Хотя, возможно, леди Джорджина просто не смогла объяснить, что чувствовала. Любовь к Майлсу Редмонду едва ли выразишь словами.

Внезапно Синтия обнаружила, что испытывает невольное уважение к Джорджине. Ведь у той хватило ума влюбиться в Майлса много лет назад.

Но разве объяснишь этой девушке, как заставить Майлса влюбиться в нее?

— Ну, следует начать с того... — Синтия запнулась. — Вам надо разделять его интересы, Джорджина.

— О, я пыталась. Но... мисс Брайтли, я должна сделать одно признание.

Синтия приготовилась к худшему.

— Д-да, слушаю вас.

— Я терпеть не могу пауков и насекомых! — воскликнула Джорджина с отчаянием. — Они пугают меня. — Она содрогнулась. — Я ненавижу их всех!
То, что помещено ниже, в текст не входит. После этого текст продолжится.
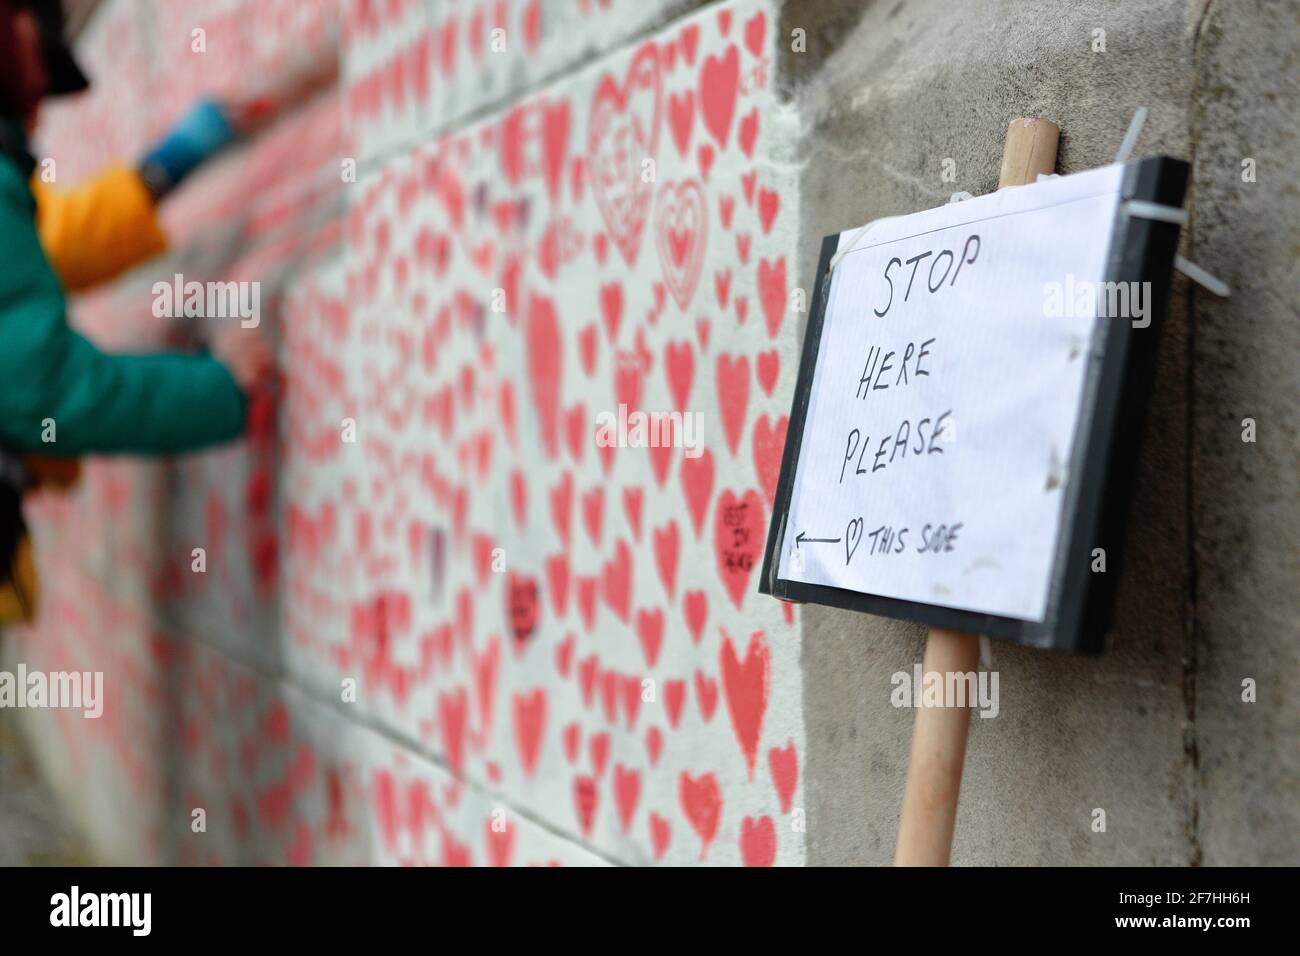 LONDRA (UK), 2021 aprile: Il muro commemorativo per le vittime del coronavirus che si affaccia verso le Camere del Parlamento. Foto Stock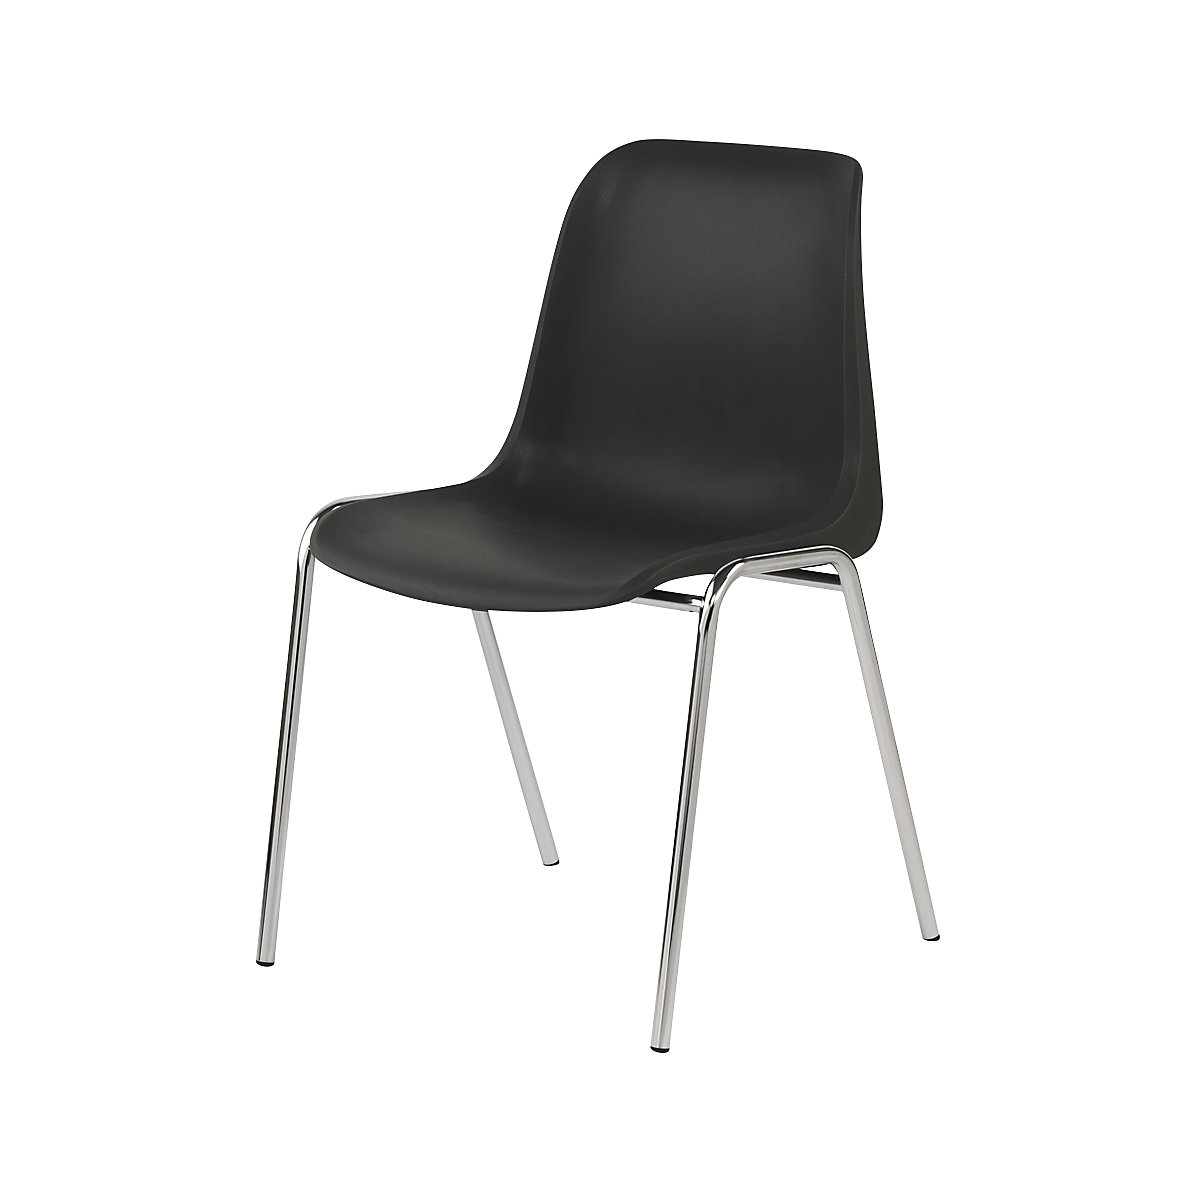 Krzesło z siedziskiem i oparciem z jednego elementu EUROPA, z tworzywa

На мгновение Синтия лишилась дара речи.

— Но пауки такие...

— Отвратительные, крохотные, неугомонные существа, пожирающие трупы других насекомых, — перебила Джорджина и снова содрогнулась. — Мне нет никакого дела до их сообществ и до того, как они размножаются. Тем не менее, я эксперт по местным муравьям. И это только потому, что я неравнодушна к мистеру Редмонду. Я так старалась заинтересоваться тем, чем интересуется он. Но как его угораздило увлечься этими ужасными букашками?..

Было очень трогательно и даже увлекательно наблюдать романтические страдания леди Джорджины, вынужденной притворяться, что ей нравится то, что нравится Майлсу Редмонду.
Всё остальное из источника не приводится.